The final point of discussion is the seasonality of the epidemics. Although the connection to the school year seems obvious, this inference should be viewed cautiously. Other childhood diseases also had strong seasonality but at different times: polio peaking in late summer, diphtheria in the late fall, and measles in the spring. The close correspondence of scarlet fever and varicella is the exception. Reviewing the topic of seasonality, Grassly and Fraser³⁸ conclude that it is a common, yet complex, phenomenon that is not well understood. Many factors can be involved. It would be difficult, for example, to rule out weather-related conditions in the explanation of seasonality seen here. Sometimes, a comparative analysis of epidemics is revealing, as with Copenhagen and the American cities. The scarlet fever epidemics in these cities happened at roughly the same time in cities of similar size and climate, but the timing of seasonality is quite different in Copenhagen. Recent scarlet epidemics in China also show a different pattern of seasonal forcing with peaks in both June and December.²⁴ So, it is hard to attribute the close synchronization of scarlet fever and varicella epidemics in the United States exclusively to school-based transmission.

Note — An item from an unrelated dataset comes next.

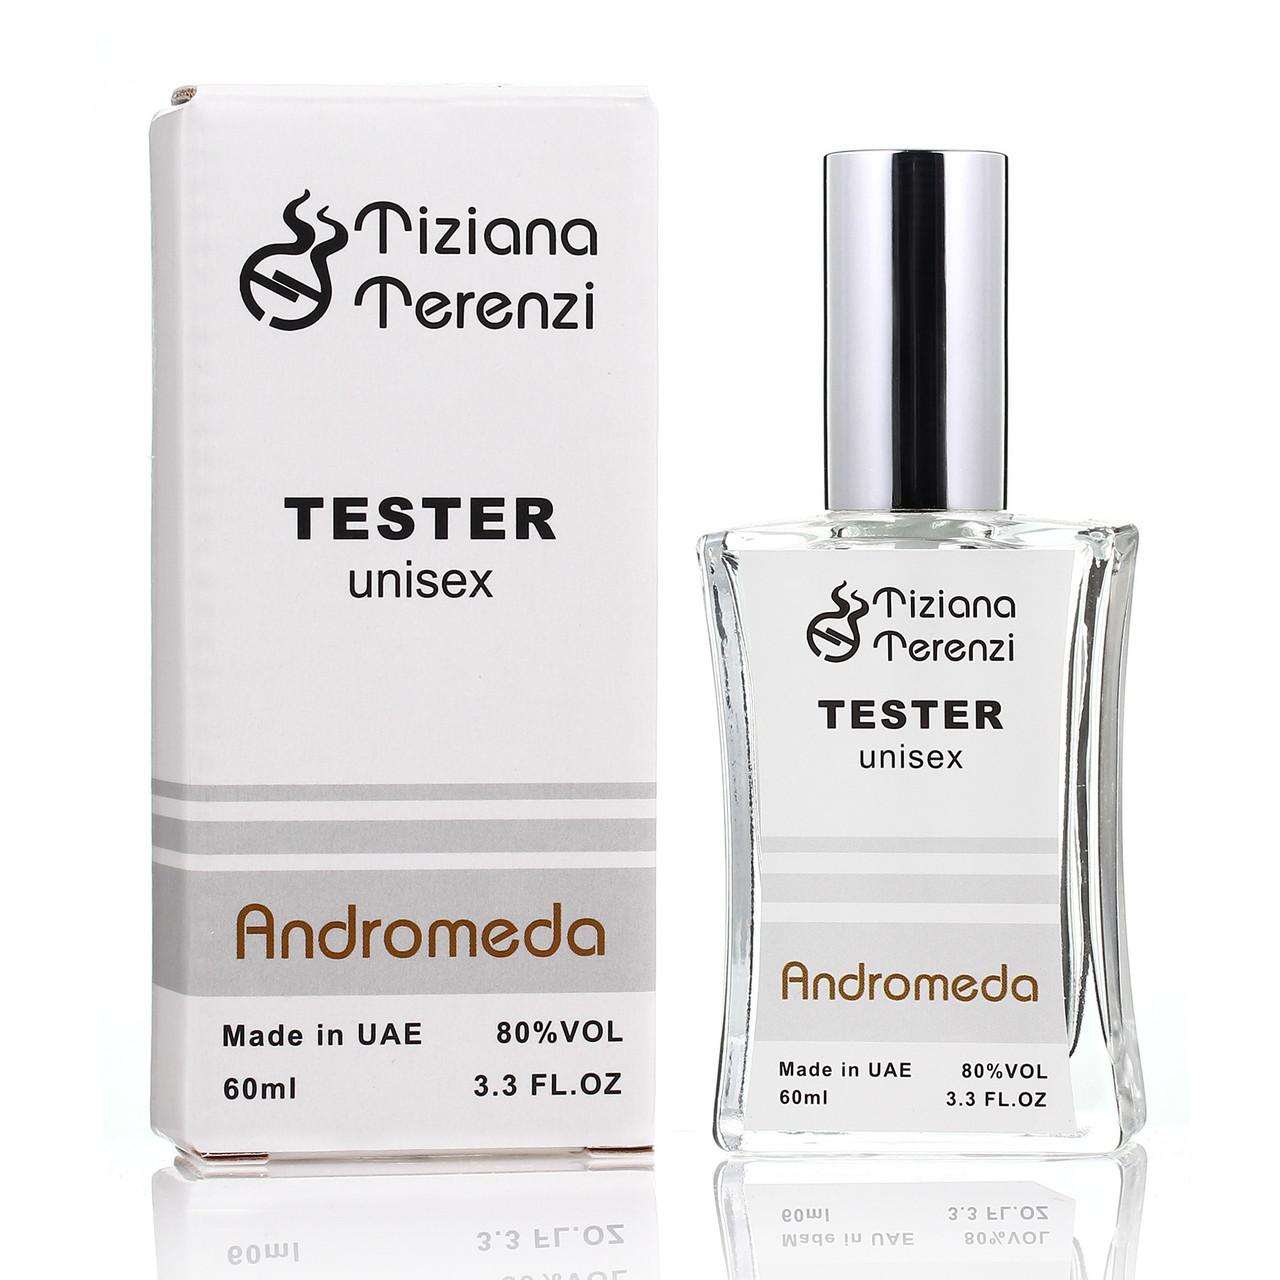 Тестер Tiziana Terenzi Andromeda унисекс, 60 мл

And the amplitude of seasonal cycles in Copenhagen is not well explained by models based on school terms and student ages. Grassly and Fraser further contend that the dynamics of seasonality can be affected by the interaction of pathogens with one another or by their effect on immune suppression. Such conditions, moreover, can modify the genetic diversity of pathogens with long-term implications for disease prevalence or virulence.

Conclusion

This research opens a short window in time on the scarlet fever epidemics of history and their relation to varicella. The years of analysis stand about midway between the high incidence, virulent scarlet fever epidemics of the late 1800s, and the minor impact that scarlet fever had in the 1950s. In the late 1800s, case fatality rates in New York City and Philadelphia were 12% and almost twice that in children 1–5 years old.³⁹ The decline in scarlet fever has been attributed to improvements in nutrition, pasteurization, public health, and decreased virulence of the disease. The return of more virulent strains in the late 20th century, however, supports the idea that S. pyogenes has the evolutionary potential for cycles in its virulence. The resurgence of invasive GAS infection and scarlet fever has renewed attention to the relationship between S. pyogenes and varicella that medical authorities had debated at the end of the 19th century. The research here is pertinent in showing a potential for causal and co-infections between varicella and scarlet fever that might have influenced its evolutionary trend. Further historical analysis and, possibly, recovery of S. pyogenes samples from the early 20th century might complete the picture.